= Llandeilo Urban District =

Former district in Carmarthenshire, Wales

Llandeilo Urban District was an urban district covering the town of Llandeilo in Carmarthenshire, Wales. It had its origins in a local government district created in 1859; such local government districts were converted into urban districts in 1894. It was abolished in 1974 and replaced by Dinefwr.

==Election results==

===1898 Election===
The five members elected at the head of the poll at the initial elections now stood for re-election. One of their number, Jenkin Jones, stood down so there was no contested election.
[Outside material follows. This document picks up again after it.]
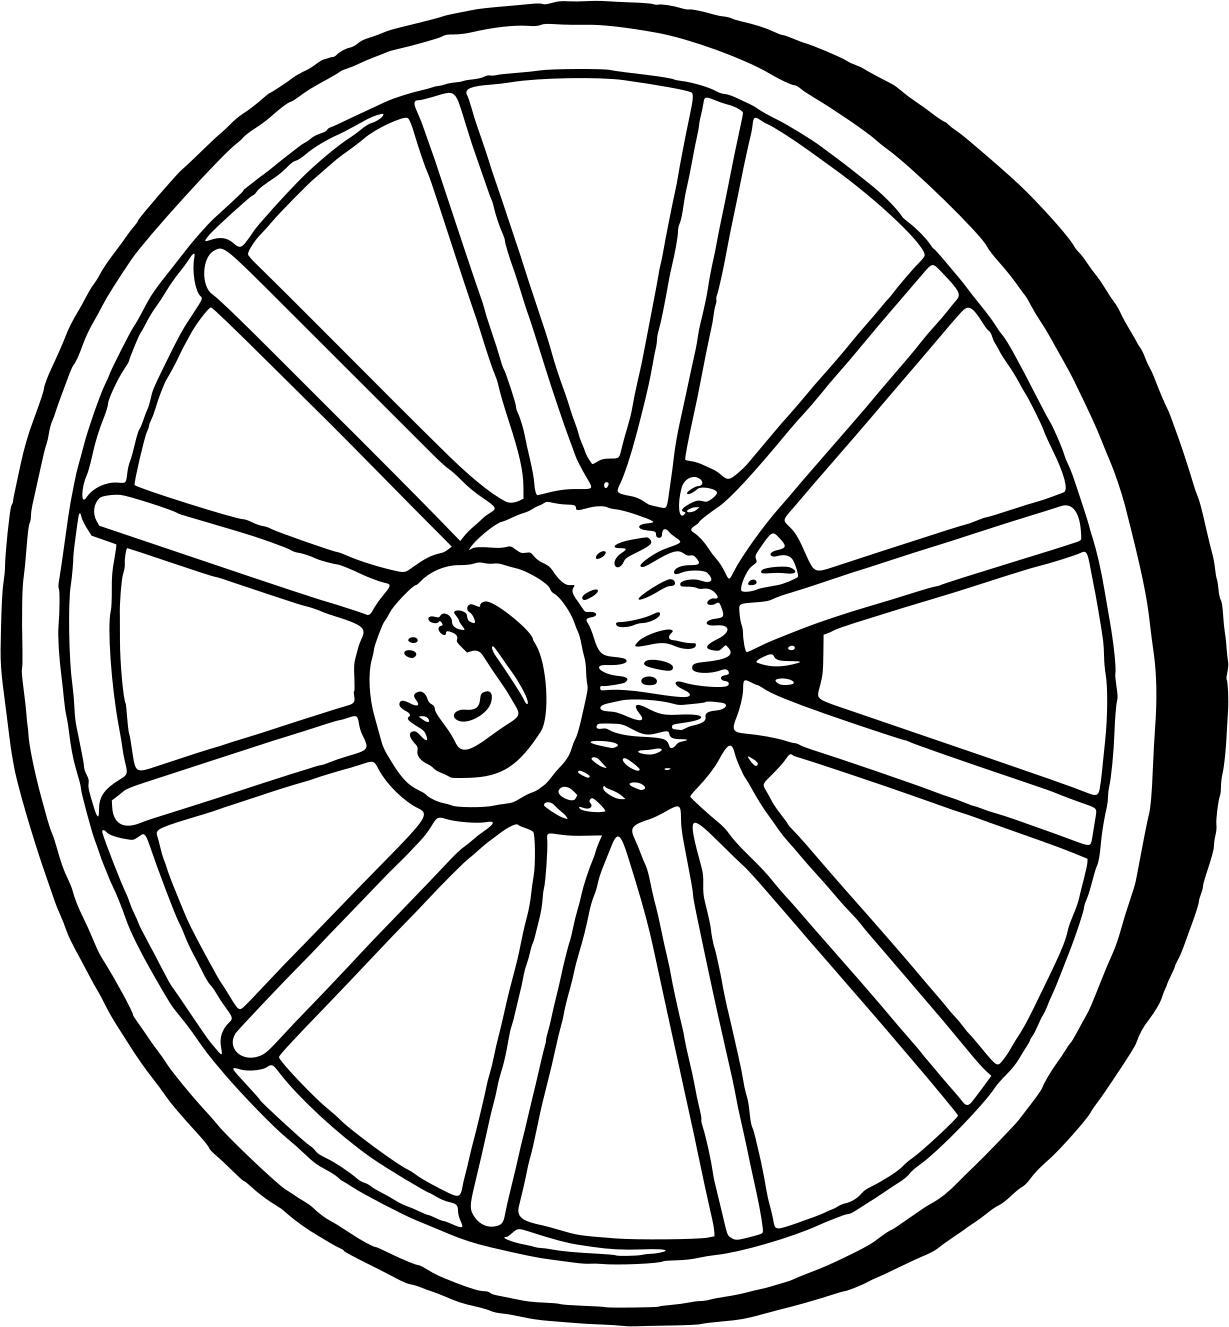 1229x1327 Wagonwheel 2 Clipart

Llandeilo Urban District 1898
| Party |  | Candidate | Votes | % | ±% |
|---|---|---|---|---|---|
|  |  | J.W. Nicholas* | Unopposed |  |  |
|  |  | T.F. Powell | Unopposed |  |  |
|  |  | E.A. Robertsr* | Unopposed |  |  |
|  |  | John Thomas* | Unopposed |  |  |
|  |  | T.C. Thomas | Unopposed |  |  |

===1899 Election===
Ten candidates contested this election, which was fought on party lines.

Llandeilo Urban District 1899
| Party |  | Candidate | Votes | % | ±% |
|---|---|---|---|---|---|
|  | Liberal | Evan Jones* | 217 |  |  |
|  | Liberal | William Hopkin | 217 |  |  |
|  | Independent | W. Jones | 208 |  |  |
|  | Conservative | J.H. Hughes | 190 |  |  |
|  | Independent | D. Stephens* | 171 |  |  |
|  | Independent | D. Morgan | 166 |  |  |
|  | Independent | D. Williams | 150 |  |  |
|  | Liberal | J.W. Jones* | 136 |  |  |
|  | Liberal | Thomas Jones* | 126 |  |  |
|  | Independent | Joseph Rees | 102 |  |  |

===1900 Election===
Only two sitting members sought re-election and they were returned at the head of the poll.
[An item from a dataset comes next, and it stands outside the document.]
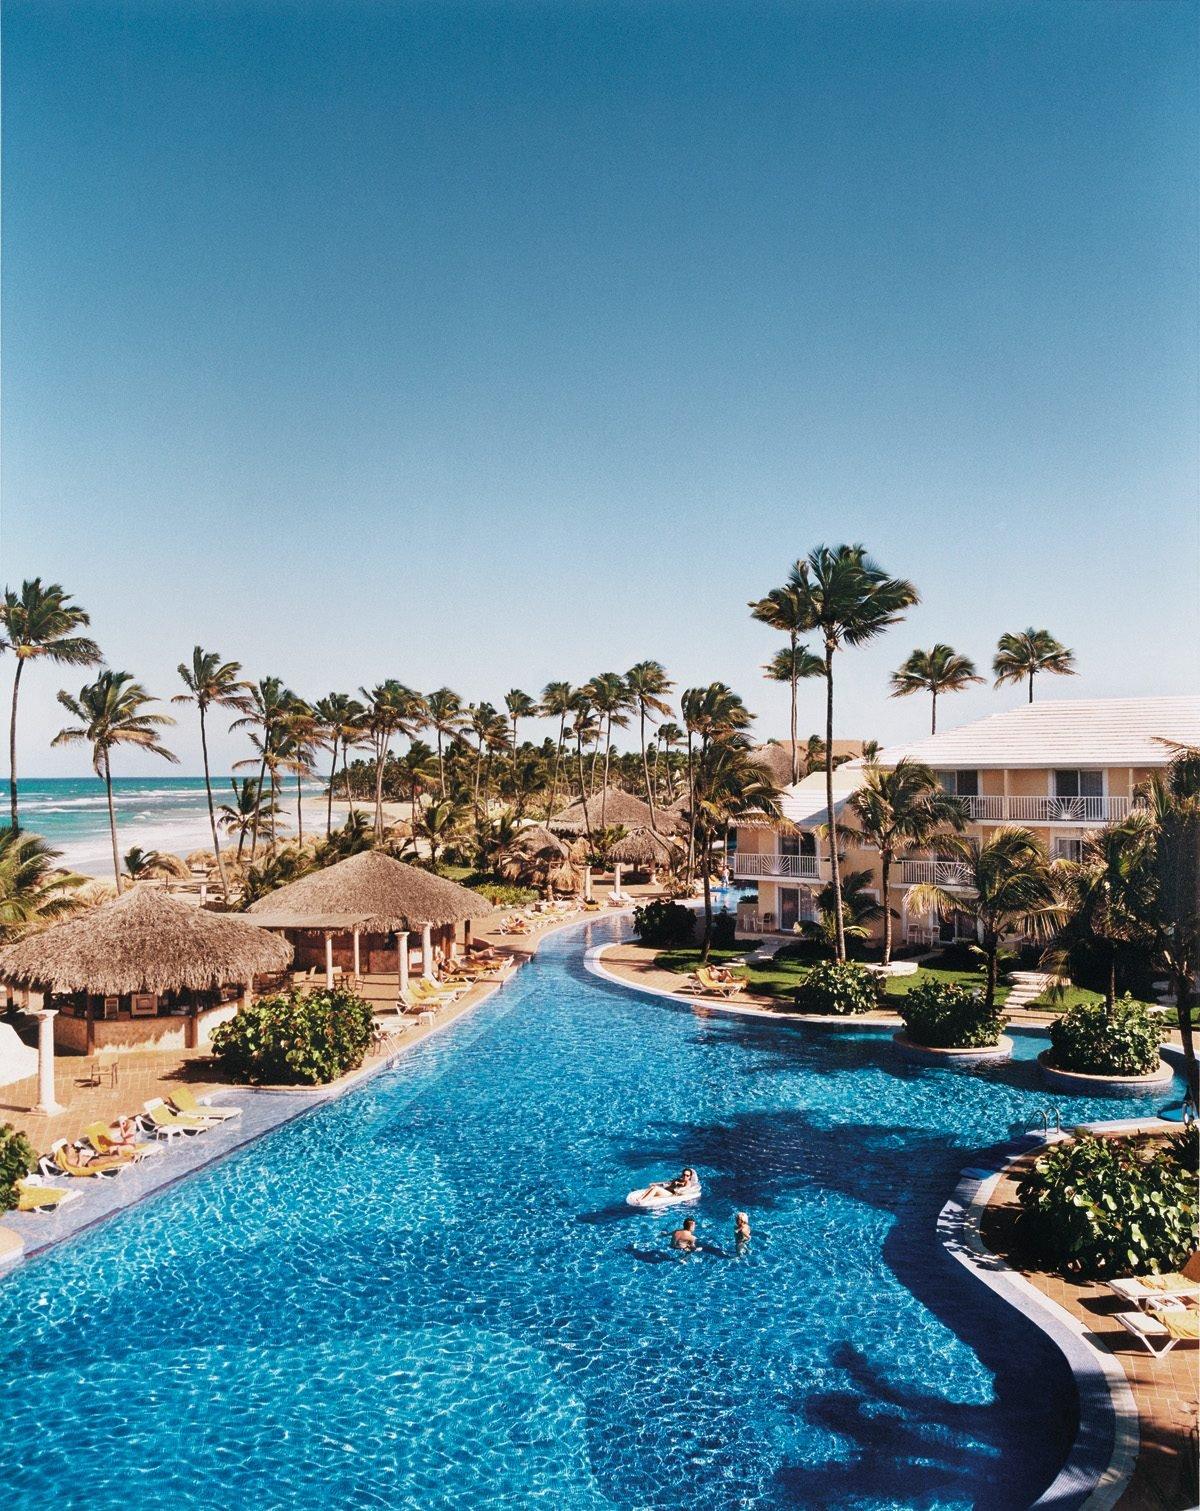 7. Excellence Punta Cana, Dominican Republic

Llandeilo Urban District 1898
| Party |  | Candidate | Votes | % | ±% |
|---|---|---|---|---|---|
|  |  | W. Griffiths* | 267 |  |  |
|  |  | T. Hopkins* | 266 |  |  |
|  |  | D. Morgan | 253 |  |  |
|  |  | Evan Thomas | 207 |  |  |
|  |  | H.G. Phillips | 196 |  |  |
|  |  | G.W. Jenkins | 189 |  |  |
|  |  | J. Price | 138 |  |  |

===1901 Election===
T.F. Powell, who ran second to Nichols three years earlier. lost his seat having been indisposed in the days before the election.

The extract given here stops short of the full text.